A computing environment supporting a rich set of associative-processing primitives is a requisite platform for experimental research in the area of artificial intelligence applications. The analytical techniques that have been applied to the design of conventional computing systems fail to completely capture the nonlinear behaviors of such applications.

The simulator described in this thesis provides a flexible and readily configurable platform for the evaluation of a wide variety of design alternatives for such a computing environment. The experiments that are described use APES to compare the communication behaviors of a parallelized artificial intelligence program with those arising from an assumption of uniformly distributed traffic. The simulation results indicate that although much of the program's behavior approximates that derived from the uniform traffic assumption, significant hotspots arise and affect network throughput and latency.

We conclude that patterns of activity based on semantic relatedness among objects in the associative database give rise to communication patterns that are not modeled effectively by a uniform distribution of message traffic. Some adjunct to uniform analysis is appropriate and we suggest that simulations along the lines of those presented here represent a step in the direction of a more comprehensive design methodology.

# Appendix A. Modelling distributed APS using Morph

# A.1 Overview

In the interest of developing a generalized model of the issues that might be important in the design of a distributed system capable of efficiently implementing adaptive-predictive search (APS), it is instructive to examine the behavior of one particular application that incorporates the APS metaphor. Morph [Levinson *et al.*, 1992] is a chess-playing program that has been used as a testbed for many of the ideas underlying the APS model.

We make the assumption that Morph's pattern database, which is in fact an associative database (ADB), is to be distributed across a network of computing nodes supporting an associative processing environment (APE). Each processing node is expected to maintain a subset of the entire database. When a particular node's search needs to access an object that is nonlocal, interprocessor communication (IPC) must occur. Because the APE nodes can execute associative-array operations efficiently, the latency due to network traffic among the processors may represent a significant performance bottleneck for the system.

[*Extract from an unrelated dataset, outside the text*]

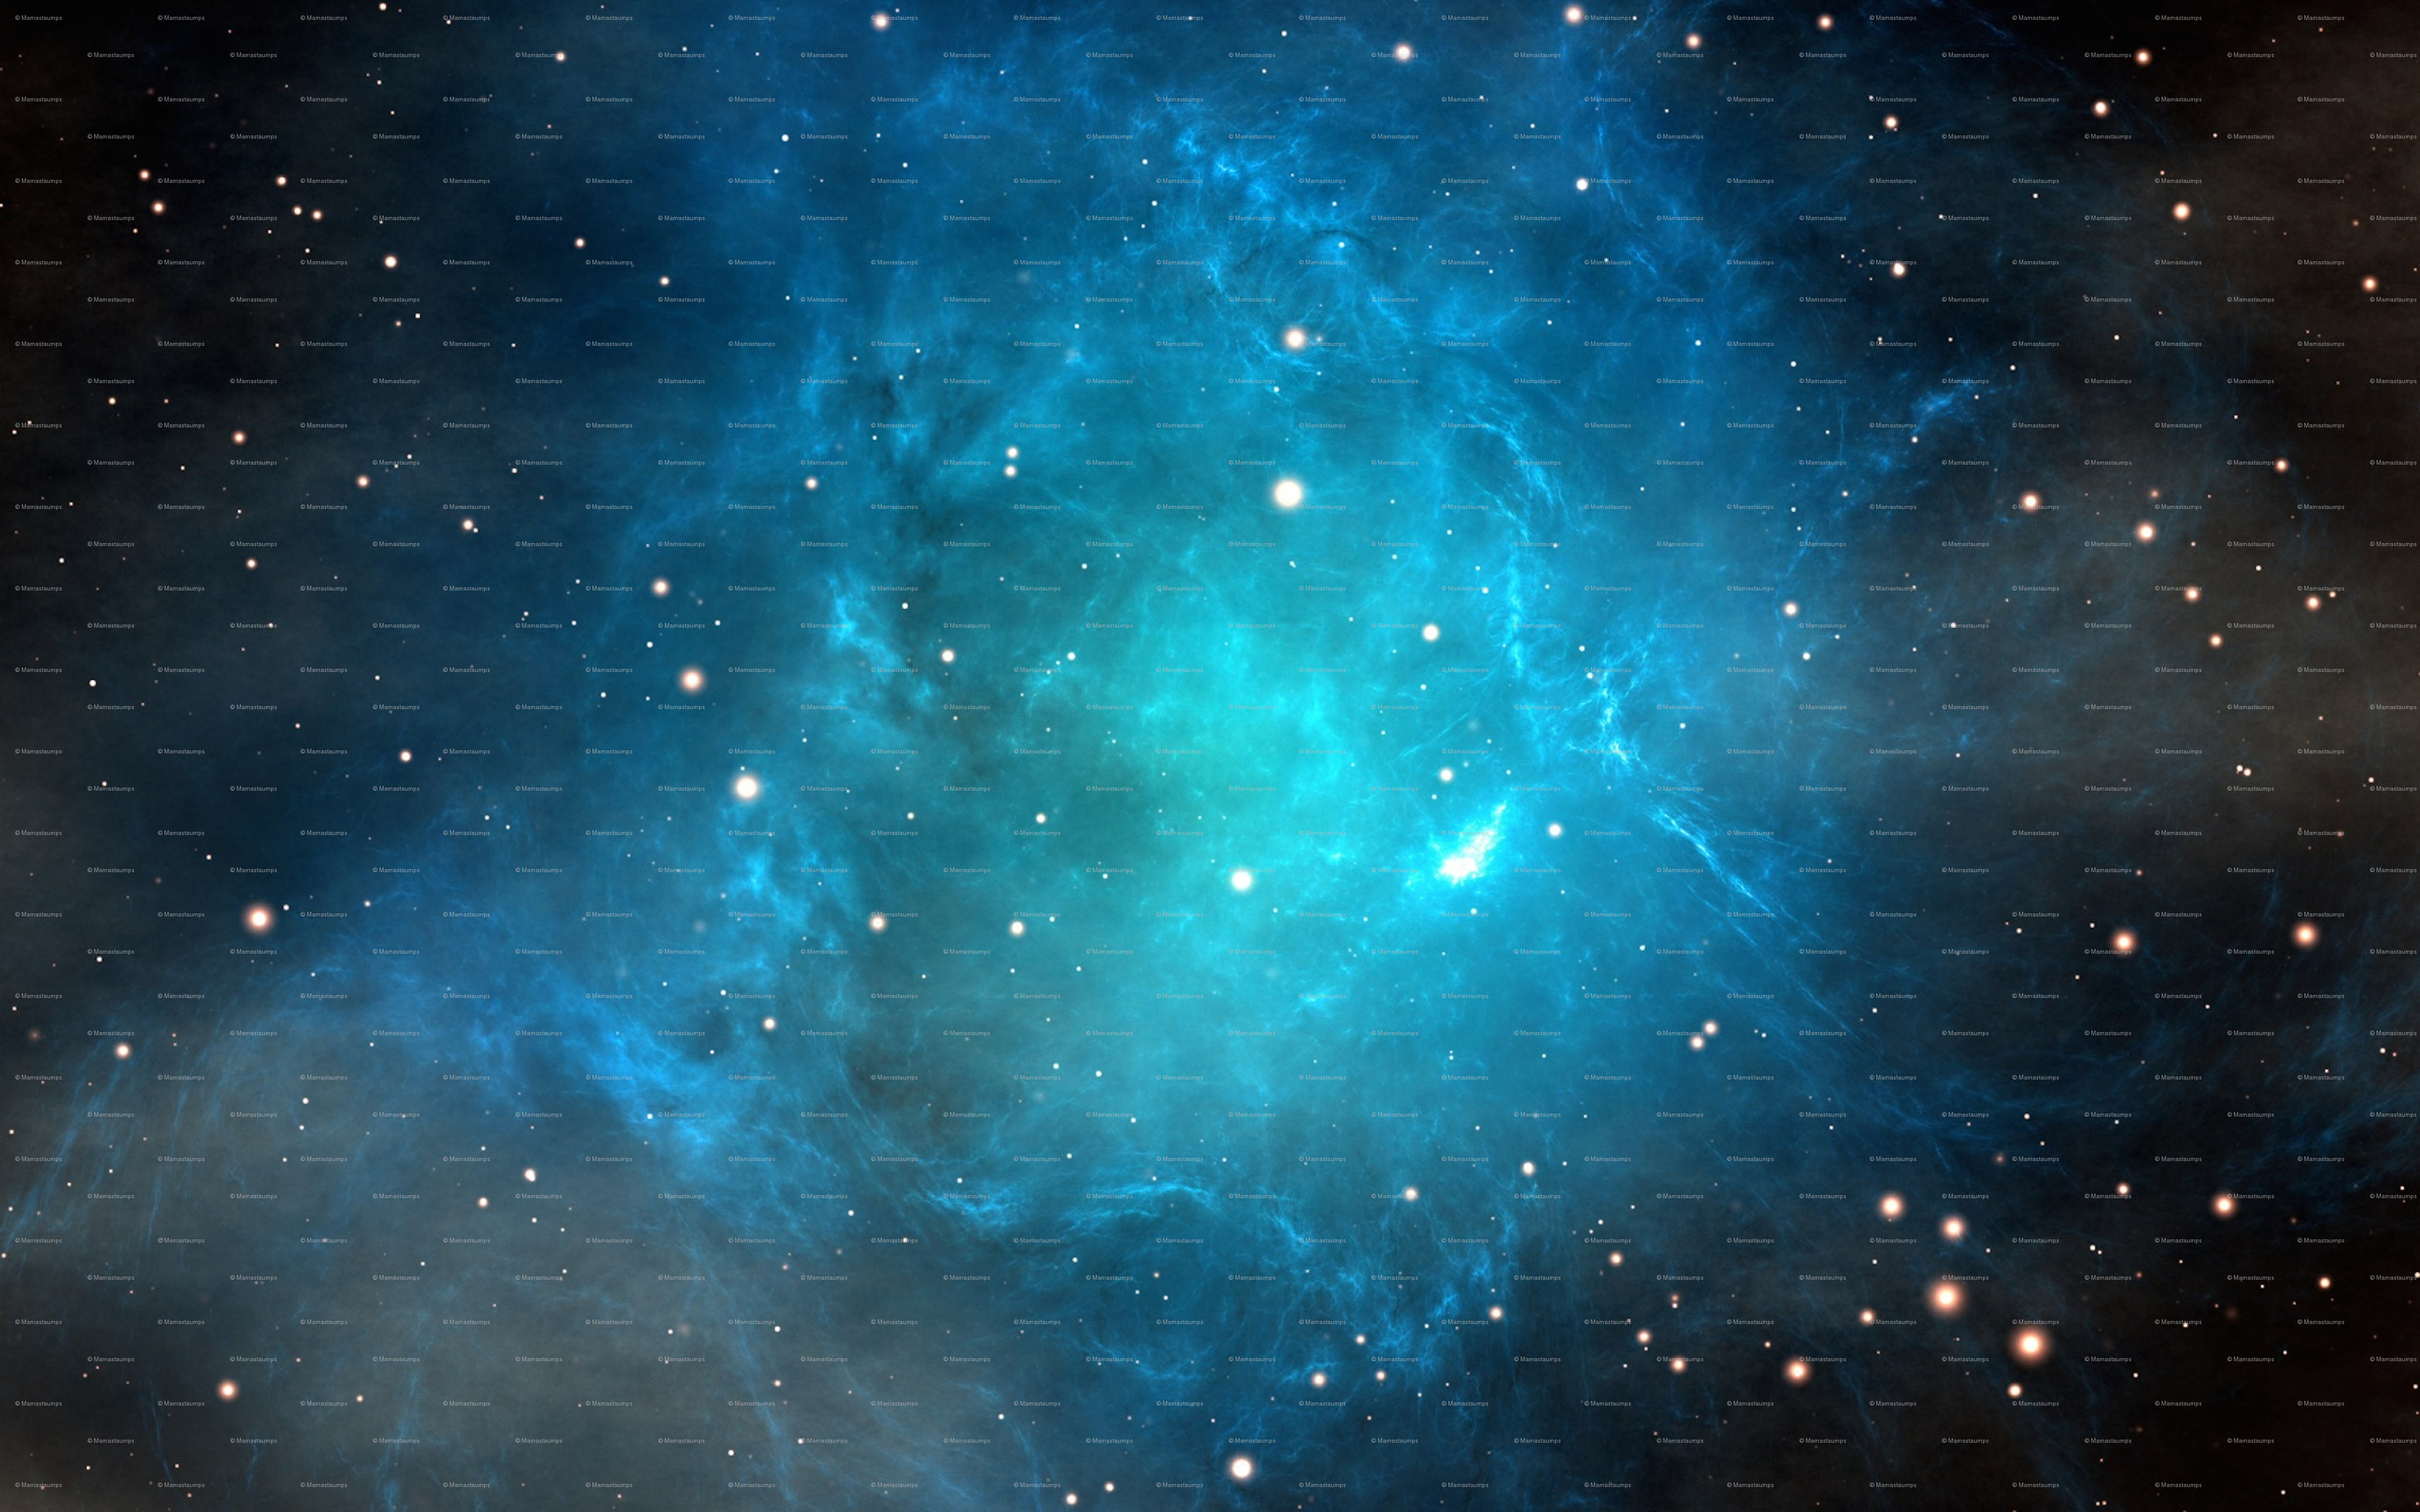 Taurus Nebula , HD Wallpaper & Backgrounds
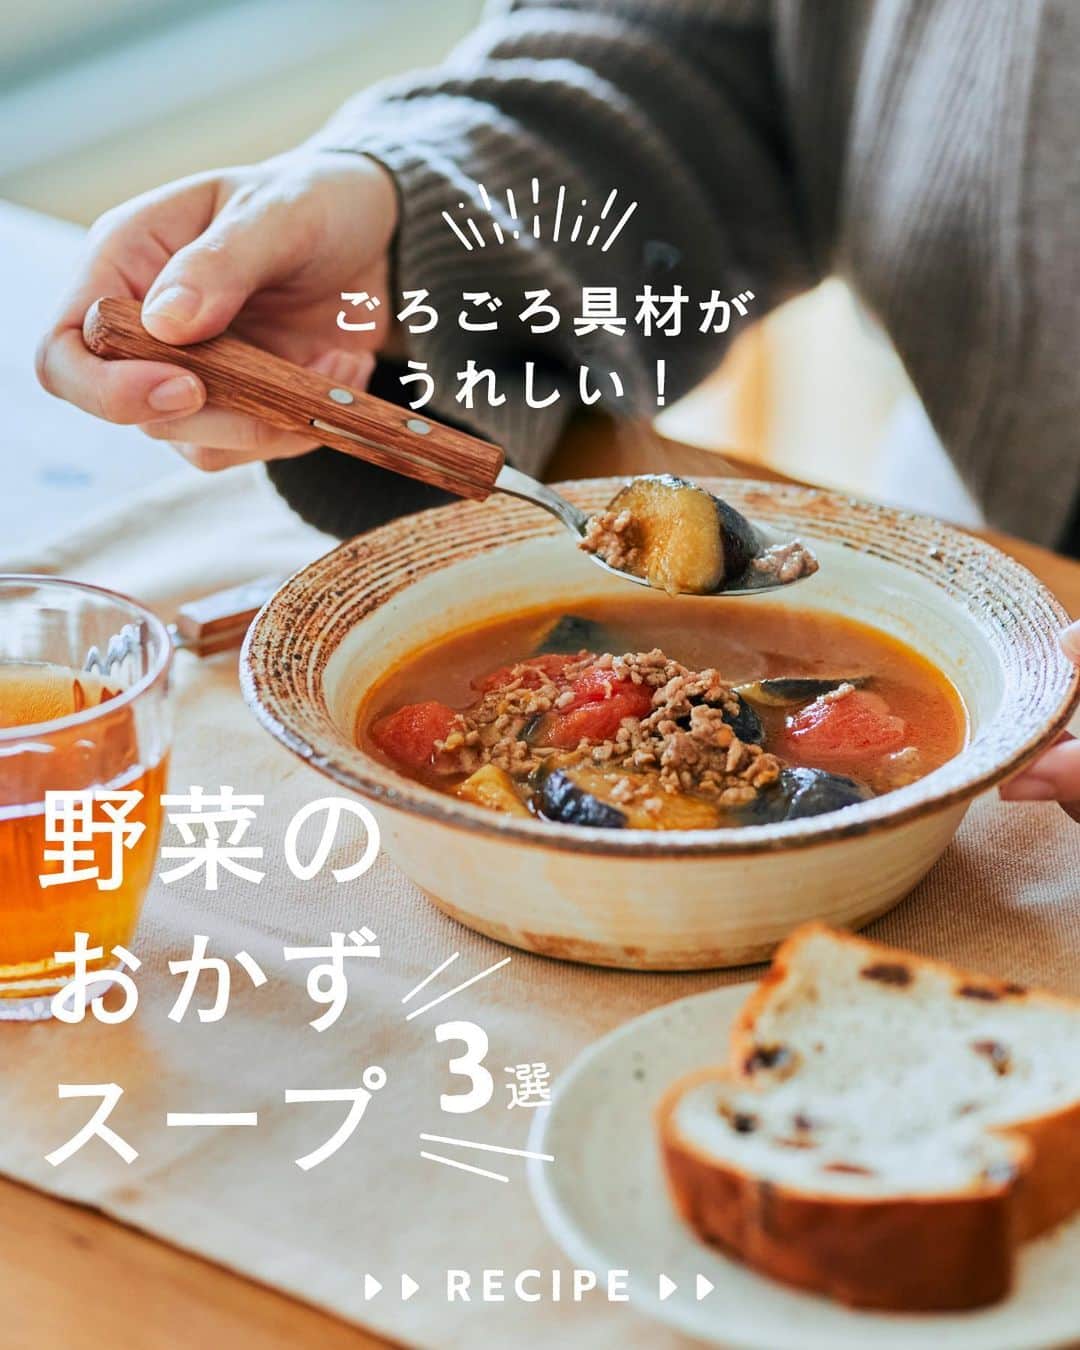 cooking_ajinomotoのインスタグラム：「作ってみたいと思ったら【❤️】の絵文字でコメントしてくださいね。 スープ作家・料理家の有賀薫さん（ @arigakaoru）にご考案いただいた 野菜をしっかりとれるおかずスープレシピをご紹介します。  ✔️きゅうりと水晶鶏のスープ：⏱15分 「丸鶏がらスープ™」で味を調えた、ささ身のプルプル食感が楽しめるスープ  ✔️なすとトマト、ひき肉のおかずスープ：⏱15分 「味の素KKコンソメ」で煮込んだ、野菜のおいしさがぎゅっと詰まったスープ  ✔️ごぼうと大根の梅けんちん汁：⏱25分 「ほんだし®」を使い、梅干しの酸味がアクセントになったほっこりするスープ  詳しいレシピは、スワイプして2枚目以降の画像をCHECK🔎 保存ボタンをタップして、ぜひ作ってみてくださいね。  *** たべる楽しさを、もっと 作る楽しさを、もっと 「AJINOMOTO PARK」 インスタグラムでは いつも生活の中心にある “食”を通じて毎日を明るく 楽しくするレシピを投稿しています🍳 ***  #味の素パークレシピ #ajinomotopark #おいしいねは笑顔の素 #アレンジレシピ #お手軽レシピ #時短レシピ #コンソメ #味の素KKコンソメ #ほんだし #丸鶏がらスープ #鶏がらスープの素 #スープレシピ #おかずスープ #有賀薫さんレシピ #野菜スープ #おかずスープ #スープ好き #けんちん汁 #野菜たっぷり #野菜たっぷりレシピ #野菜たっぷりスープ #なすレシピ #トマトレシピ #ごぼうレシピ #大根レシピ #鶏ささ身 #ささ身レシピ #きゅうりレシピ #根菜 #秋レシピ」

In order to explore the behavior of IPC requirements, Morph is instrumented to produce traces over a series of execution runs. The trace data are analyzed to develop a description of access patterns on the ADB. A simple parallelization is done by translating the access patterns into a model of IPC for a distributed ADB.

Because Morph is a representative implementation of the APS approach, we suggest that evaluation of its simulated IPC behaviors is likely to reflect issues that are common to any distributed APS system.

# How Morph works

Morph was designed to learn the game of chess by playing a large number of games against an expert opponent (the GnuChess program, originally developed by John Stanback) and extracting rules and strategy from the interaction of its knowledge database with the outcomes of the games that are played. Patterns are added to the database as Morph's experience grows, and the weights associated with patterns leading to winning situations are reinforced by the method of temporal-difference (TD) learning.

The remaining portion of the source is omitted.